Binding energy decomposition (in kcal/mol) at position −5 for four different cellulose orientations
| A | B | C | D | |
|---|---|---|---|---|
| Stacking | −9.3 ± 0.9 | −8.3 ± 1.0 | −8.1 ± 1.0 | −7.3 ± 0.9 |
| Electrostatic | −38.0 ± 4.2 | −36.6 ± 3.7 | −34.5 ± 5.3 | −33.2 ± 6.3 |
| van der Waals | −20.1 ± 1.8 | −21.6 ± 1.9 | −17.7 ± 1.9 | −17.4 ± 2.1 |
| Total | −67.4 | −66.5 | −60.3 | −57.9 |
Water molecules are often observed in protein-carbohydrate binding sites, mediating the interaction between the ligand and protein (54,55). Based on the crystal structure (8CEL), the catalytic tunnel of Cel7A is very well hydrated. We identified the crystal water molecules that are within 3 Å of the cellulose chain, shown as red spheres in Fig. S7. Those crystal waters that were displaced by the advancing reducing end or nonreducing end cellulose chain during the simulations are shown as green spheres. It is evident that there are some differences in the waters that were displaced when the cellulose entered first with the reducing or nonreducing end. However, it seems unlikely that this difference in water displacement can necessarily account for the differential binding of the nonreducing versus reducing end cellulose.

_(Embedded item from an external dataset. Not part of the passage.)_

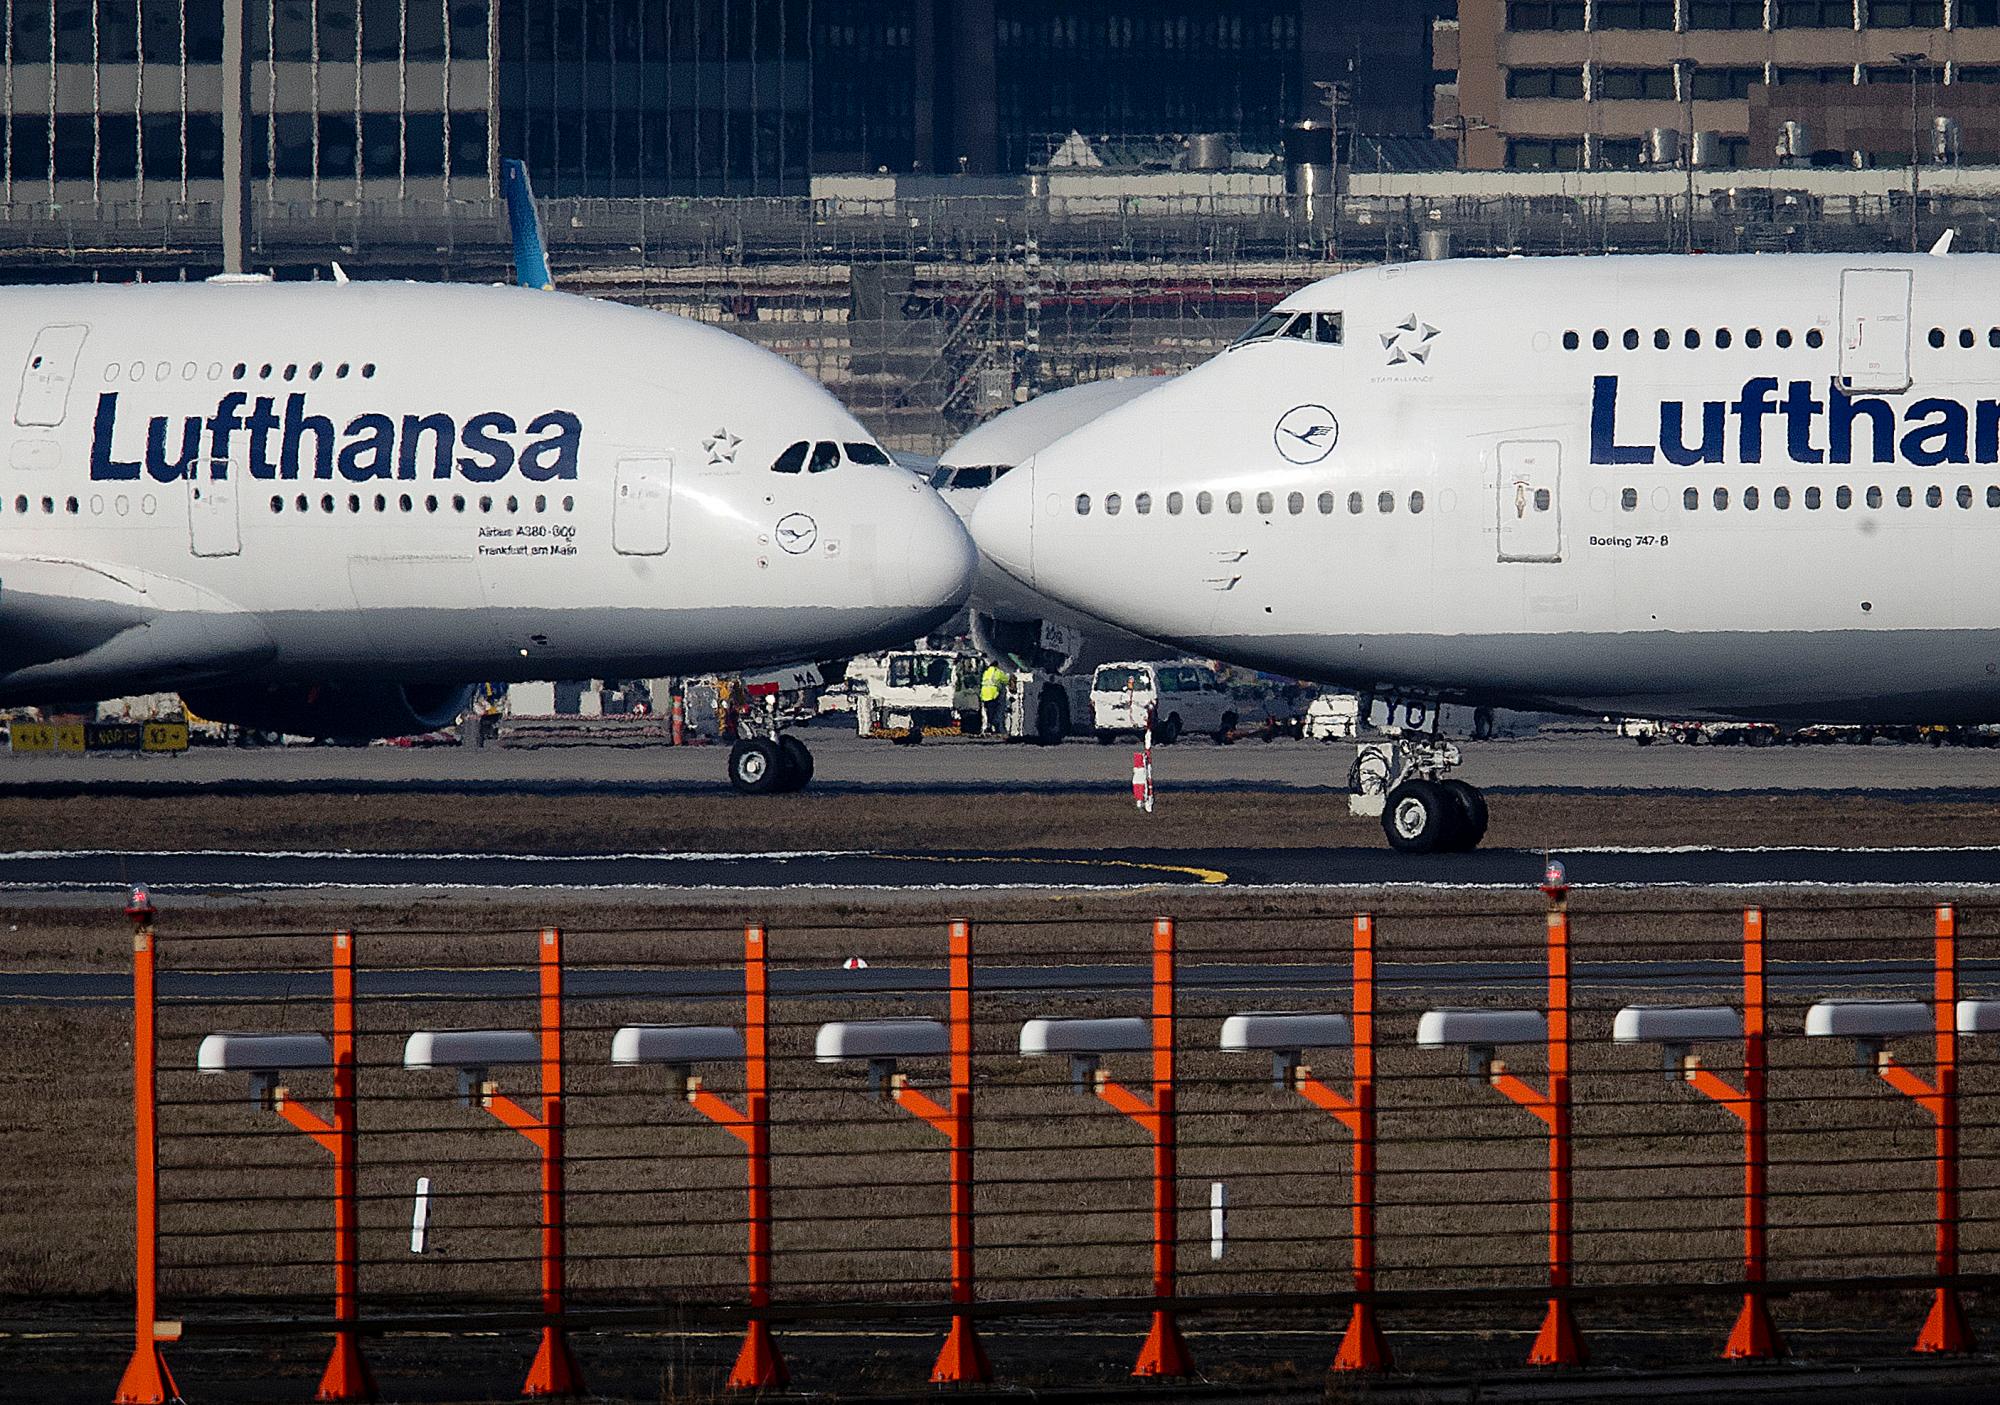 Un Airbus A380, a la izquierda, y un Boeing 747, ambos de la aerolínea Lufthansa se cruzan en el aeropuerto de Frankfurt, Alemania.

This is because all these crystal waters are rather dynamic, and exchanged with bulk water on ps-ns timescales. Unlike in the case of concanavalin A (56), no conserved or strongly bound water was observed in the course of the simulations presented here.

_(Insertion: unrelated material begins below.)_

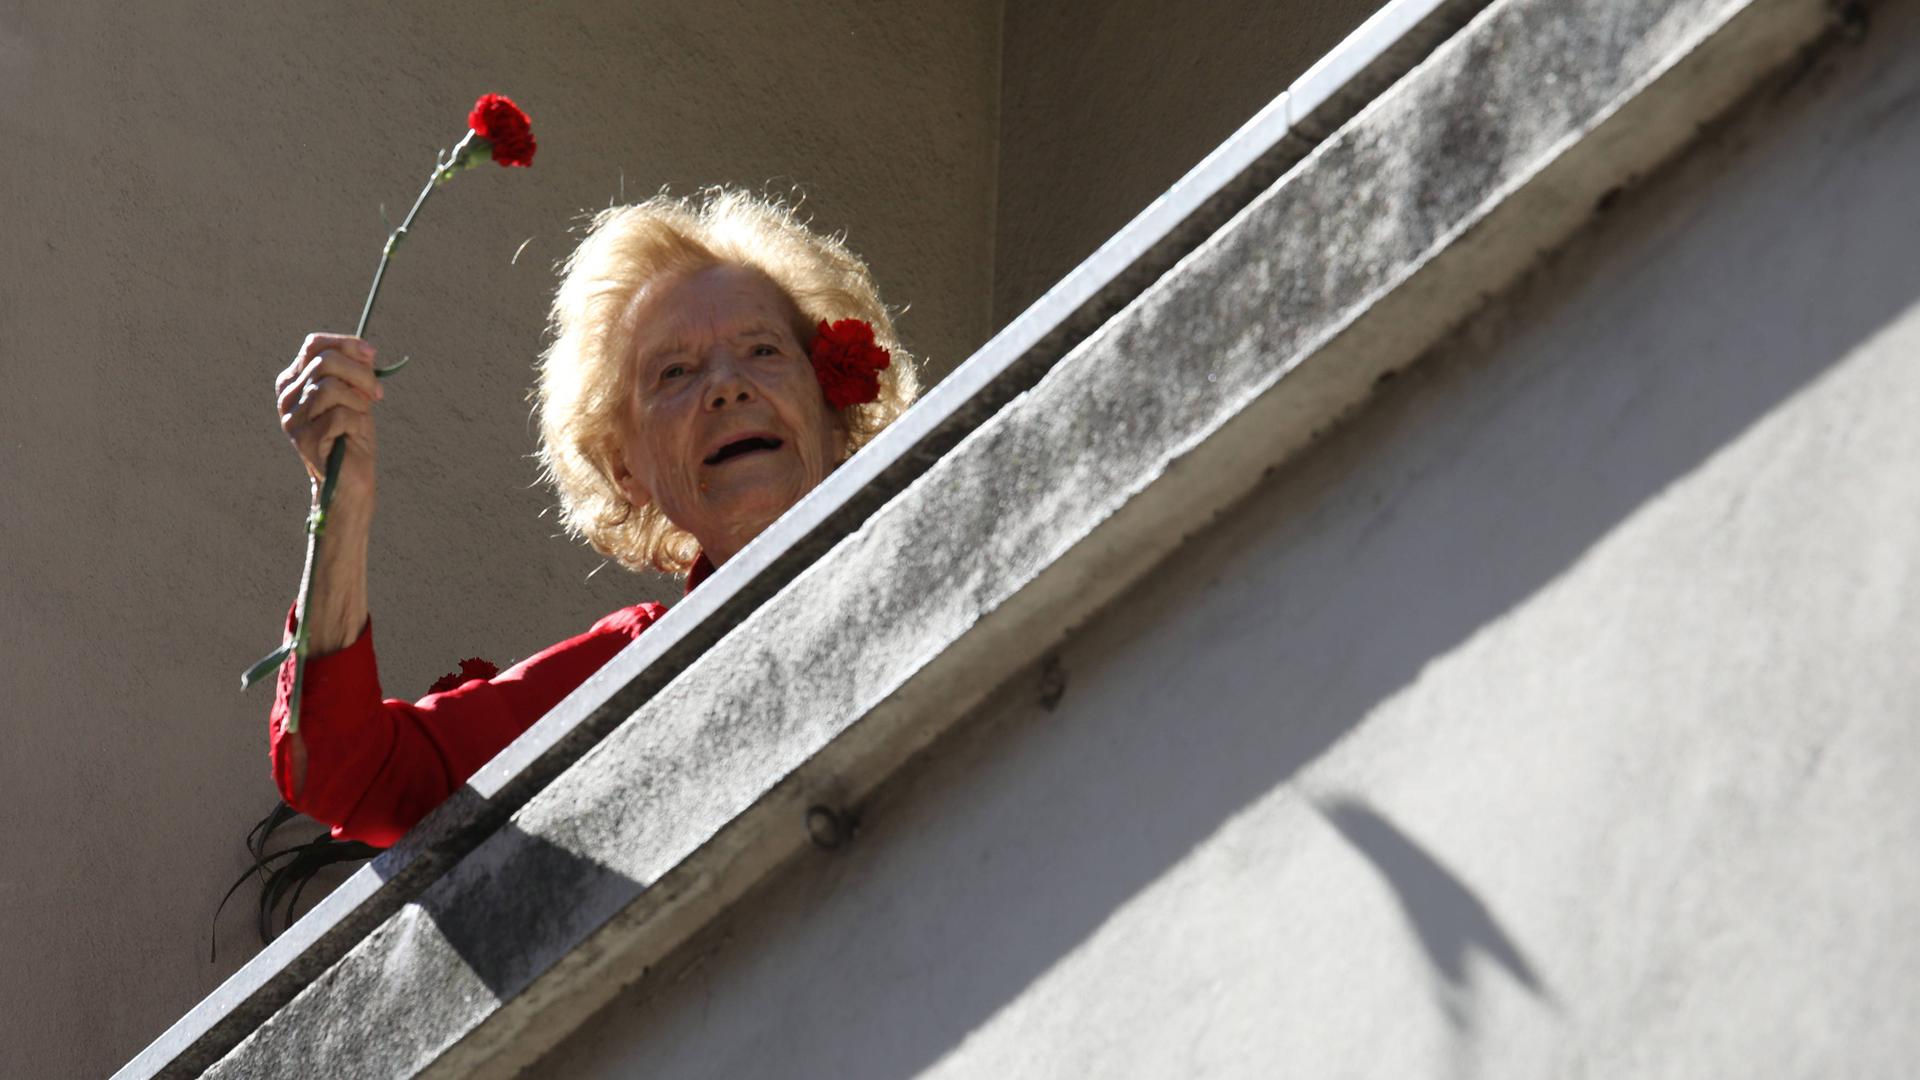 Jährlich wird der Nelkenrevolution in Portugal gedacht. Eine ältere Dame auf dem Balkon schwenkt eine rote Nelke.

To quantify the hydration water structures inside the protein tunnel, we computed the proximal distribution functions gprox(r) for the waters close to the surface of the first three glucose residues. As shown in Fig. 4, no statistically significant differences in hydration are found when the cellulose binds at subsite −5 in four different A, B, C, and D orientations, indicating that the interaction patterns of the hydration waters with the reducing end or nonreducing end cellulose chain are similar. We further analyzed differences in dynamics of the hydration waters in the four simulations by computing translational and rotational velocity autocorrelation functions and the associated entropies using a two-phase thermodynamic model (49,50). As listed in Table 2, our results show no statistically significant differences in translational or rotational entropies for the hydration waters when the cellulose enters first with the reducing or nonreducing end. Taken together, our calculations suggest that the initial binding of cellulose to the cellulase tunnel is not (water) entropically driven but enthalpically driven, akin to recent computational results on the concanavalin A-trimannoside complexes (56). Likewise, the origin of the preferential binding of the reducing end over the nonreducing end cellulose chains does not seem to arise from those waters at the entrance of the protein tunnel. Instead, we speculate that the −5 binding site is pre-organized in such an arrangement that is more favorable for the recognition of the reducing end. To accommodate the cellulose chain in the opposite direction, the structures of the protein and carbohydrate need to be slightly distorted (Fig. S6), which leads to less favorable interaction between the nonreducing end cellulose and the protein (Table 1).
Figure 4.

Proximal distribution functions of water oxygen atoms at a distance r from the surface of the first three glucose residues in four simulations of the cellulose in four different A, B, C, and D orientations and one simulation of the A orientation cellulose in the W40A mutant. The cellulose binds at subsite −5 in all simulations.
Table 2.
Comparison of entropies of hydration water in four simulations of cellulose at 300 K in four different orientations (A, B, C, and D) and one simulation of the orientation A cellulose in the W40A mutant (W40A)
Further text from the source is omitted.